As EFH says, Class.forName() gets a reference to a Class, Class.forName().newInstance() tries to use the no-arg constructor for the Class to return a new instance. No surprises so far. Another common use for Class.forName() is to cause the Class to be loaded, since some types of Classes have side-effects from the loading process which is required for other purposes. JDBC is a large user of this process, since the Driver class is required to register itself with the DriverManager Class when it gets loaded.

In the deep dark days of Java, probably v1.1.8 but possibly up to Java 1.2, there was an issue that the default ClassLoader would not load a Class until it had an instance created. In these cases, JDBC code would fail if you used Class.forName() rather than Class.forName().newInstance().

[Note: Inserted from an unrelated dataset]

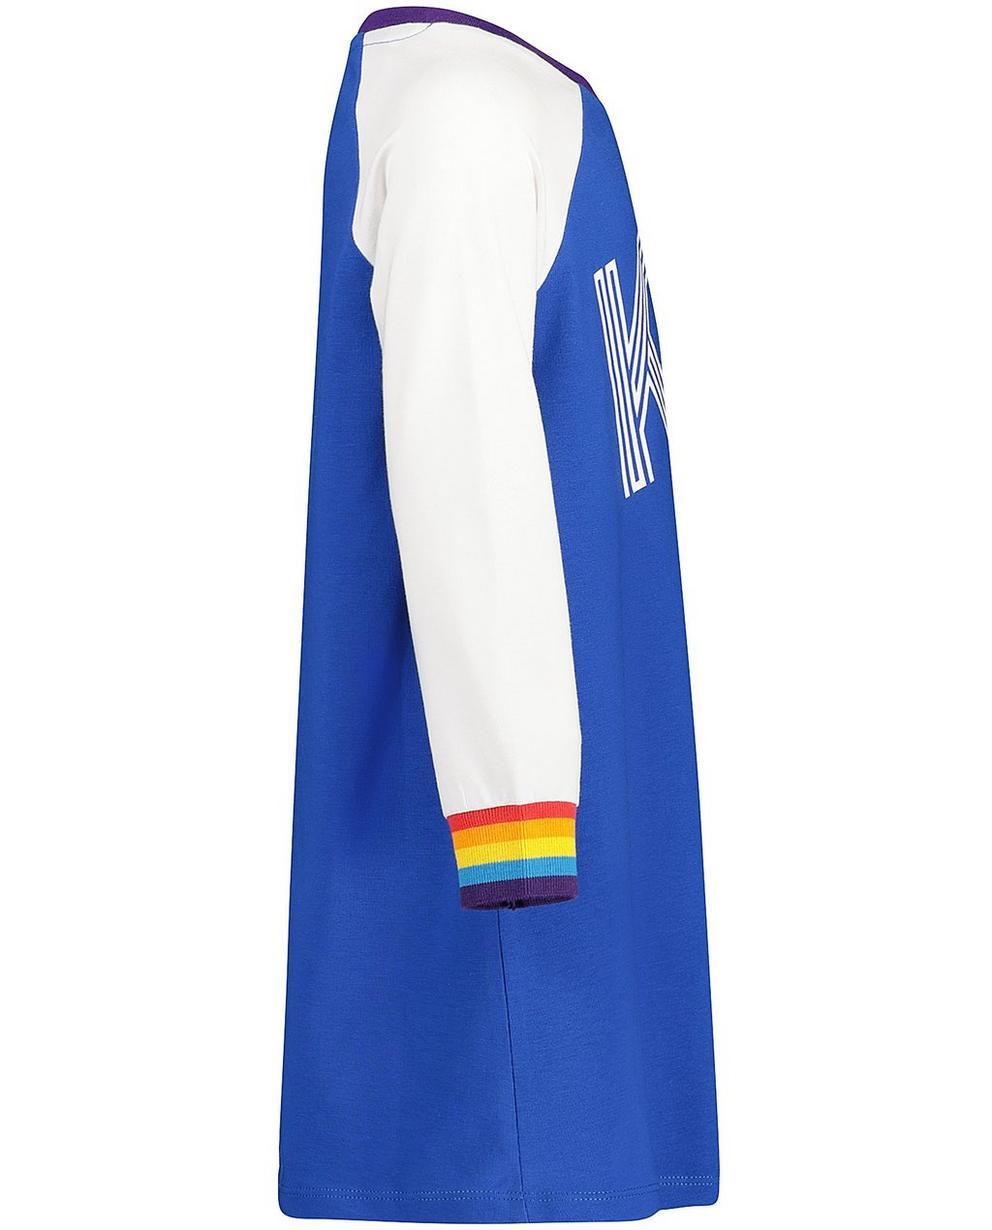 Nachtwäsche - Aqua - Kleid mit Aufschrift

While newInstance() would create an instance that got immediately thrown away, it was required to make Class.forName() work correctly. This work around is no longer required, but I am amused to still see it in code being written to this day.

There was a similar ClassLoader problem which was solved by attaching a non-running static thread to a Class to prevent it being unloaded by the ClassLoader, but again I haven't seen any need for this for many a year.

/Dave
Kalyan Patti
Greenhorn

Joined: Jun 27, 2006
Posts: 22
Thanks David O'Meara and Ernest Friedman-Hill. You have given lot of information and cleared my doubt conceptually. I specially thank David O'Meara for his detailed explanation.
David O'Meara
Rancher

Joined: Mar 06, 2001
Posts: 13459

We try. I'm glad we managed to help.